Got to go catch a plane.  More on this later.



After I did my last post on the 0.01% solution, I went out for a walk.  I got to thinking about how applications respond to errors in input. One of the key points made by one of the major gurus of quality, Dr. W. Edwards Deming, was that it was more logical to ascribe the mistakes in processing to the process itself rather than to the people performing the process.  Rational management should design the process to reduce the number of possible errors.  I think the same thing is true about applications. 

I order a lot of things on line.  Each of these applications will ultimately as part of their checkout process ask for credit card information.  One of my pet peeves is that there is a lot of variability in how these applications will accept the credit card number.  Some applications require you to enter the spaces that appear on the credit card.  Other applications will not accept spaces at all.  I think that that is incredibly stupid.  The application ought to accept the credit card number with and without the spaces and internally converte to the format that it needs (I assume that’s without the spaces).

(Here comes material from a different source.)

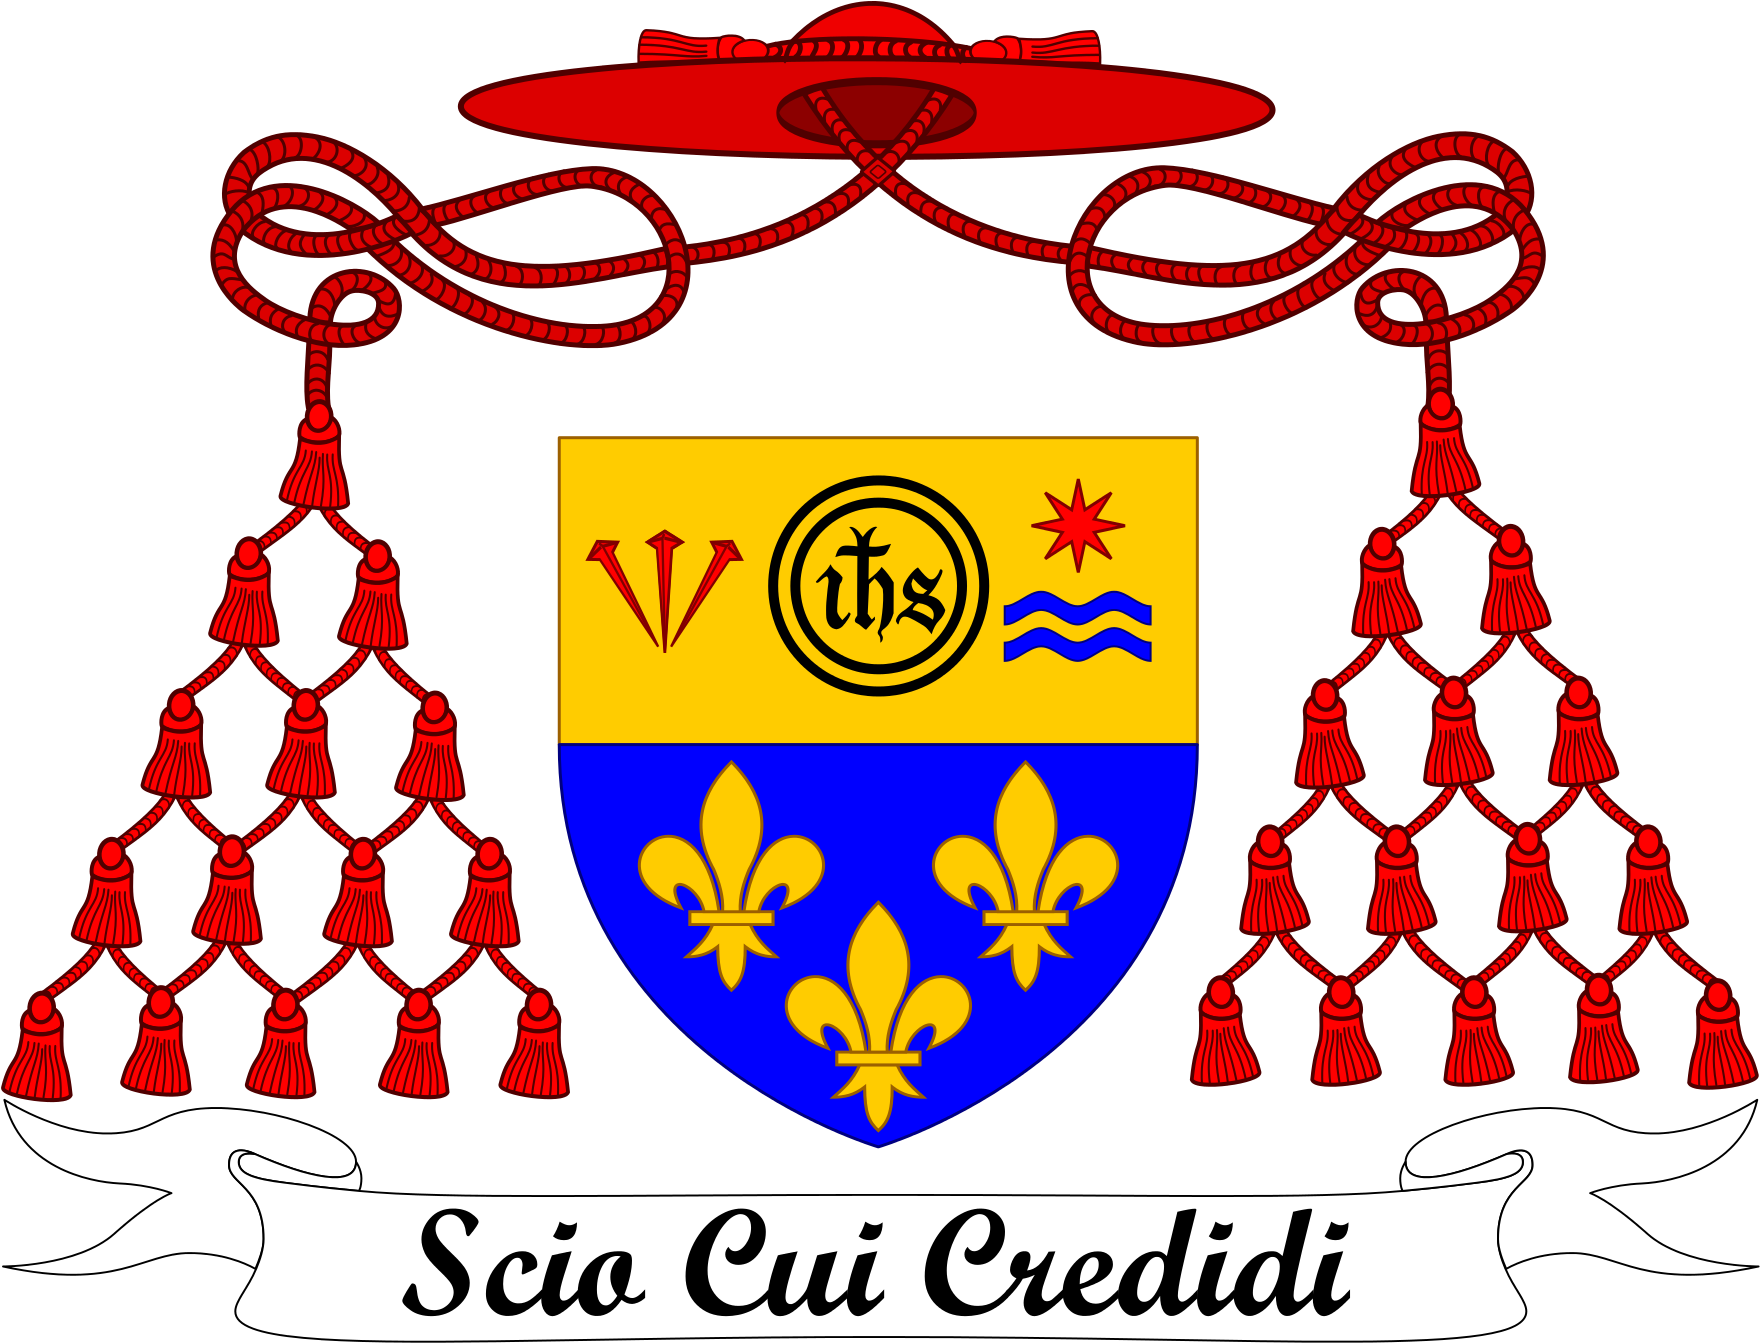 Coat Of Arms Of Cardinal Avery Dulles - Jean Louis Coat Of Arms (1759x1388)

Another of my pet peeves is how applications handle addresses.  The application typically provides multiple input boxes to hold the one or two address lines for the street address, perhaps an apartment number, city, state, zip code, and so on.  If someone provides me with an address in an email and I want to get a map for that address, some of the mapping applications I use require me to parse the address to figure out all of the various piece parts.  What I really want to have is a text box I can paste the entire address into and ask the application to parse out the various piece parts for me.  The application would still have the various fields with the various parts of the address.  The parsing function would fill in those fields for me.  I then could edit those fields as needed and submit the address.  [This idea is not original with me.  I’m not sure where I read this, it might have been one of Alan Cooper’s books.  In any case I think it’s a good idea and I want to add my voice to promote it.]

Along the same line, I think applications should capture statistics about the errors that users make when they enter data.  A large number of a particular kind of error for a particular input field is not an indication that you have a lot of stupid users.  It is an indication that you had designed the application stupidly.  A good application makes it hard for users to make mistakes doing the typical processing.  Now I understand that there is a risk that you might make the application so “cuddly” that it becomes almost impossible to get useful work done.  However, a robust and vibrant application is aware of its environment and overtime adapts itself to productively serve the needs of its community.  If the application needs a credit card number and there are a lot of errors generated because people enter those credit card numbers with spaces that is an indication that you should accept spaces.

The 0.01% Solution

In an earlier post The Tale of the Bathtub Drain I talked about the difficulty of extracting the edge or fringe conditions.  The input consists of case alpha 99.99% of the time and case beta 0.01% of the time.  The problem is that each of these cases is probably to take the same amount of effort to document, design, implement, test, and so on.  It doesn’t seem quite fair.  In fact the effort to handle case beta is probably going to be even more difficult because it is obscure.  There probably are not very many people who fully understand case beta and it will take you longer to get the full and complete picture.  In fact the “powers that be” might not even be aware that there is this alternative processing path and might well regard the effort to document and handle it as a distraction from the real work at hand.

In my mind, that is a very strong motivation for getting a partial solution in place as quickly as possible.  Having the system reject valid data provides the concrete motivation to understand and document how to process that data.  Developing this motivation early in the project lifecycle as opposed to at the very end is critical to developing a quality application.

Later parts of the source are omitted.